Where nested transactions are available, each action list which contains a mutating action should have its own transaction, so that the results of the mutation are visible from subsequent actions in that action list but not from other action lists.

Transport & Encoding

Tranquil is transport- and encoding-agnostic.

HTTP POST and JSON

Typically, requests are encoded as JSON and transported in the body of HTTP POST requests:

POST /api
Content-Type: application/json
Accept: application/json

{ "user_count": [ "users", "count" ] }

The request body is interpreted as a JSON data structure and treated as an action list if an array or as an action group if an object.

The HTTP response also contains JSON:

200 OK
Content-Type: application/json

{ "user_count": 107 }

In the case of JSON or Tranquil syntax errors, HTTP status 400 Bad Request is returned. Other error codes may be returned for other issues.

A single URL endpoint is used for all contexts. Keeping the message details out of the URL simplifies request encoding.

Using from vanilla javascript

A very simple example which doesn't need any external libraries or frameworks (but has no error handling):

function tranquil_request(url, request, callback) {
    var xhr = new XMLHttpRequest();
    xhr.setRequestHeader('Content-Type', 'application/json');
    xhr.setRequestHeader('Accept', 'application/json');
    xhr.onreadystatechange = function() {
        if (xhr.readyState == 4) {
            var response = JSON.parse(xhr.response);
            callback(response);
        }
    };
    xhr.open('POST', url, true);
    xhr.send(JSON.stringify(request));
}

tranquil_request(
    '/api',
    { user_count: [ "users", "count" ] },
    function (response) { alert(response.user_count); }
);

Using from jQuery

Using jQuery's AJAX function:

var request = {
    user_count: [ "users", "count" ]
};

$.ajax({
    type: "POST",
    url: "/api",
    processData: false,
    contentType: "application/json",
    dataType: "json",
    data: JSON.stringify(request)
}).done(function (response, jqxhr) {
    alert(jqxhr.responseJSON.user_count);
});

Other Encodings

The above examples are all in JSON, but ProtoBuf / XML / ASN1 / S-expression encodings would be easy to define if there was a need to do so.

Implementations using HTTP transport should use the HTTP Content-Type and Accept headers to decide which encoding is appropriate for requests and responses.

Other Transports

Tranquil is transport-agnostic, so transport could be by WebSockets, AMQP or avian carrier.

The same resources can be made available over multiple transports and encodings to allow for access from multiple platforms or for backwards compatibility.

Implementation

Reference implementations are in progress ... see Tranquil on Github

They are not very advanced yet and contributions for these and other platforms are welcomed!

Django

Django support includes a DjangoModelContext class which automatically makes available a large part of the Django query API for access to your models.
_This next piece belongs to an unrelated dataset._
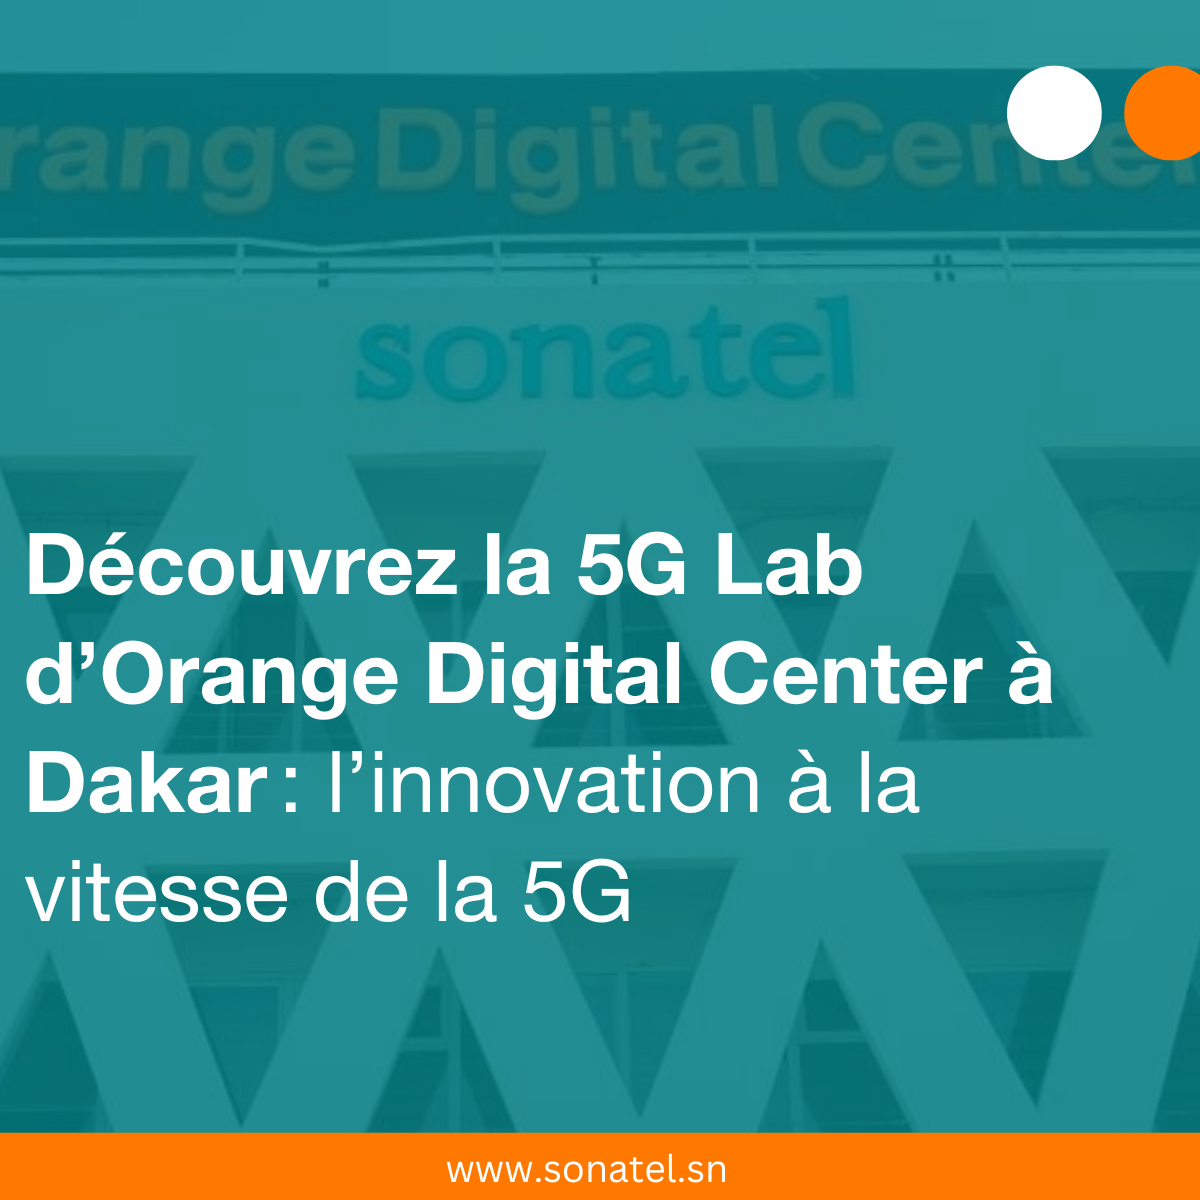 La 5G Lab d’Orange Digital Center à Dakar : l’innovation à la vitesse de la 5G

A root context exports models as actions, allowing requests across multiple Models.

Context classes are easily customizable to enforce business rules. Context instances are initialized with the Django request object to allow access to authentication and session information.

A "meta" action on DjangoModelContexts returns metadata about the current context and its available actions, making the Tranquil API (somewhat) self-documenting assuming good docstrings on the Context classes and methods.

MongoDB / Tornado

Also planned is an implementation using Tornado to provide HTTP and Websocket access to MongoDB collections.